A note on what the magnitude does and does not establish. The Lindfors trials were not designed to estimate effect size with high precision. They were designed to test whether the protocol produces a meaningful effect at all in each setting, and whether the effect is comparable across settings. They answered both questions affirmatively. They did not produce precise effect-size estimates that could be plugged into a power calculation for a future trial without considerable uncertainty.
Response rates in the hypnotherapy arms were meaningfully higher than in the supportive-talks control arms in both the psychology-clinic and the gastroenterology-clinic trial. Quality of life on the IBS Impact Scale and SF-36 domains improved significantly more in hypnotherapy arms in both trials.
Source: Lindfors P et al. Am J Gastroenterol. 2012;107(2):276-285. IBS-SSS scoring per Francis CY, Morris J, Whorwell PJ. Aliment Pharmacol Ther. 1997;11(2):395-402.
12-month durability: what stayed and what regressed
End-of-treatment response rates are not the most important number in an IBS trial. The number that actually shapes a treatment decision is durability after the intervention stops. A protocol whose benefit lasts 6 weeks past the last session is qualitatively different from a protocol whose benefit lasts a year or more.
Lindfors 2012 prospectively followed patients in both trials to 12 months after randomization (which, given the 12-week intervention, is roughly 9 months post-treatment).
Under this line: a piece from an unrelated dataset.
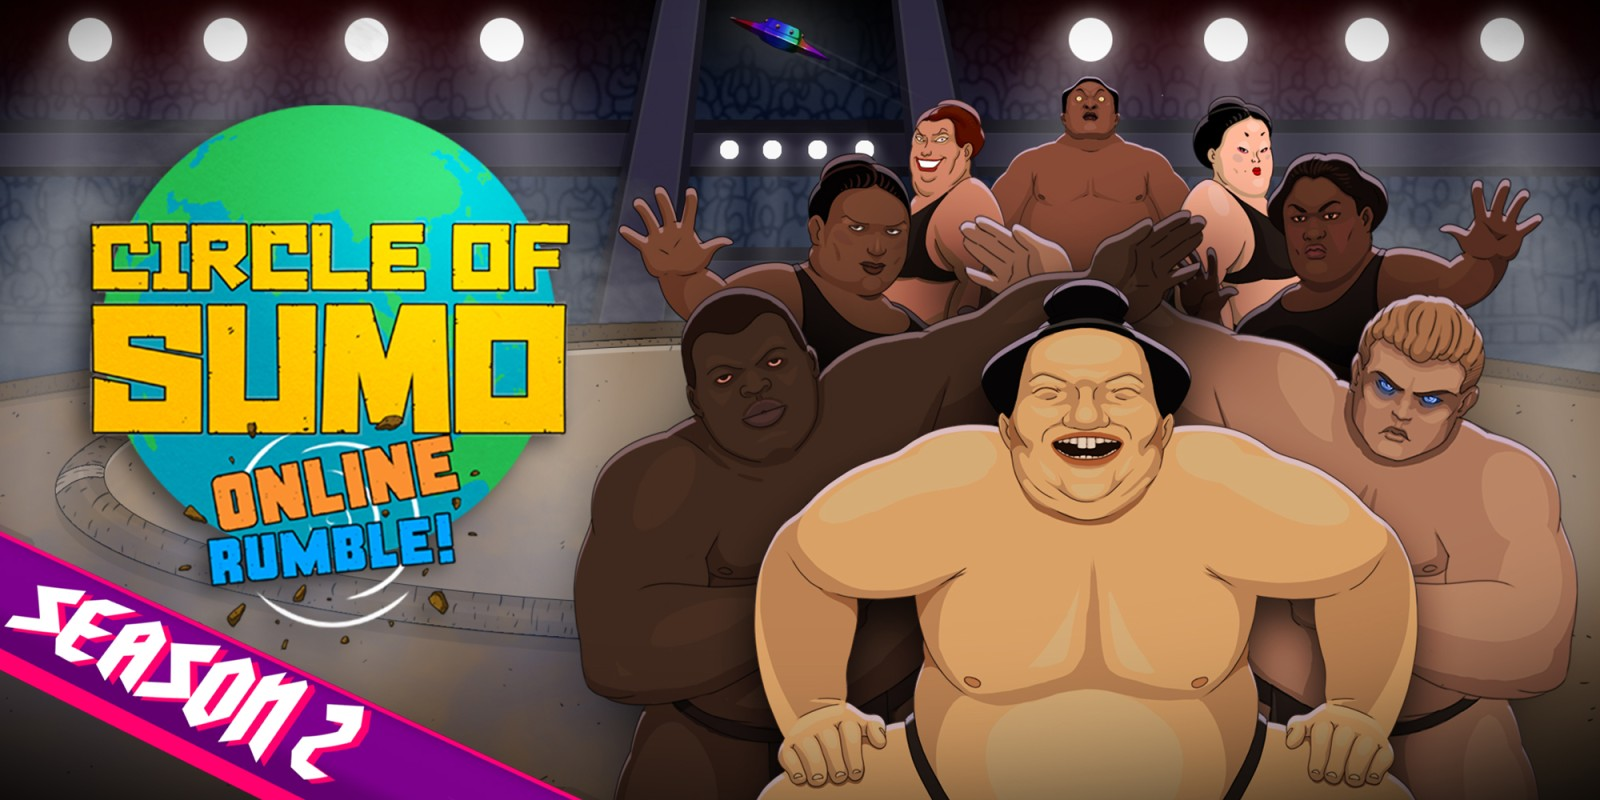 Circle of Sumo: Online Rumble!

The headline durability finding: in both Swedish trials, the IBS-SSS improvements in the hypnotherapy arms were largely maintained at 12 months. Patients who responded at end of treatment tended to still meet the response criterion at 12 months. The advantage of hypnotherapy over the supportive-talks control was preserved at 12 months in both settings.
This matters in three ways.
First, it strengthens the transferability claim. A finding that holds at end of treatment but disappears by 12 months in one or both settings would suggest the protocol is more fragile outside Manchester than inside. The persistence at 12 months in both Swedish settings is consistent with the interpretation that the protocol's durability is robust to the deliverer and the setting, not just to the specific Withington team.
Second, it is consistent with the broader durability pattern in the gut-directed hypnotherapy literature. Whorwell's original 1984 trial showed maintained benefit at follow-up. Whorwell's 1987 audit and the Gonsalkorale 2003 audit showed durability extending to median 5 years in the Manchester service. Moser 2013 showed 54 percent of hypnotherapy patients still meeting the response criterion at 15 months in Vienna. Lindfors 2012 slots into this pattern: durable benefit at 12 months in both Swedish settings.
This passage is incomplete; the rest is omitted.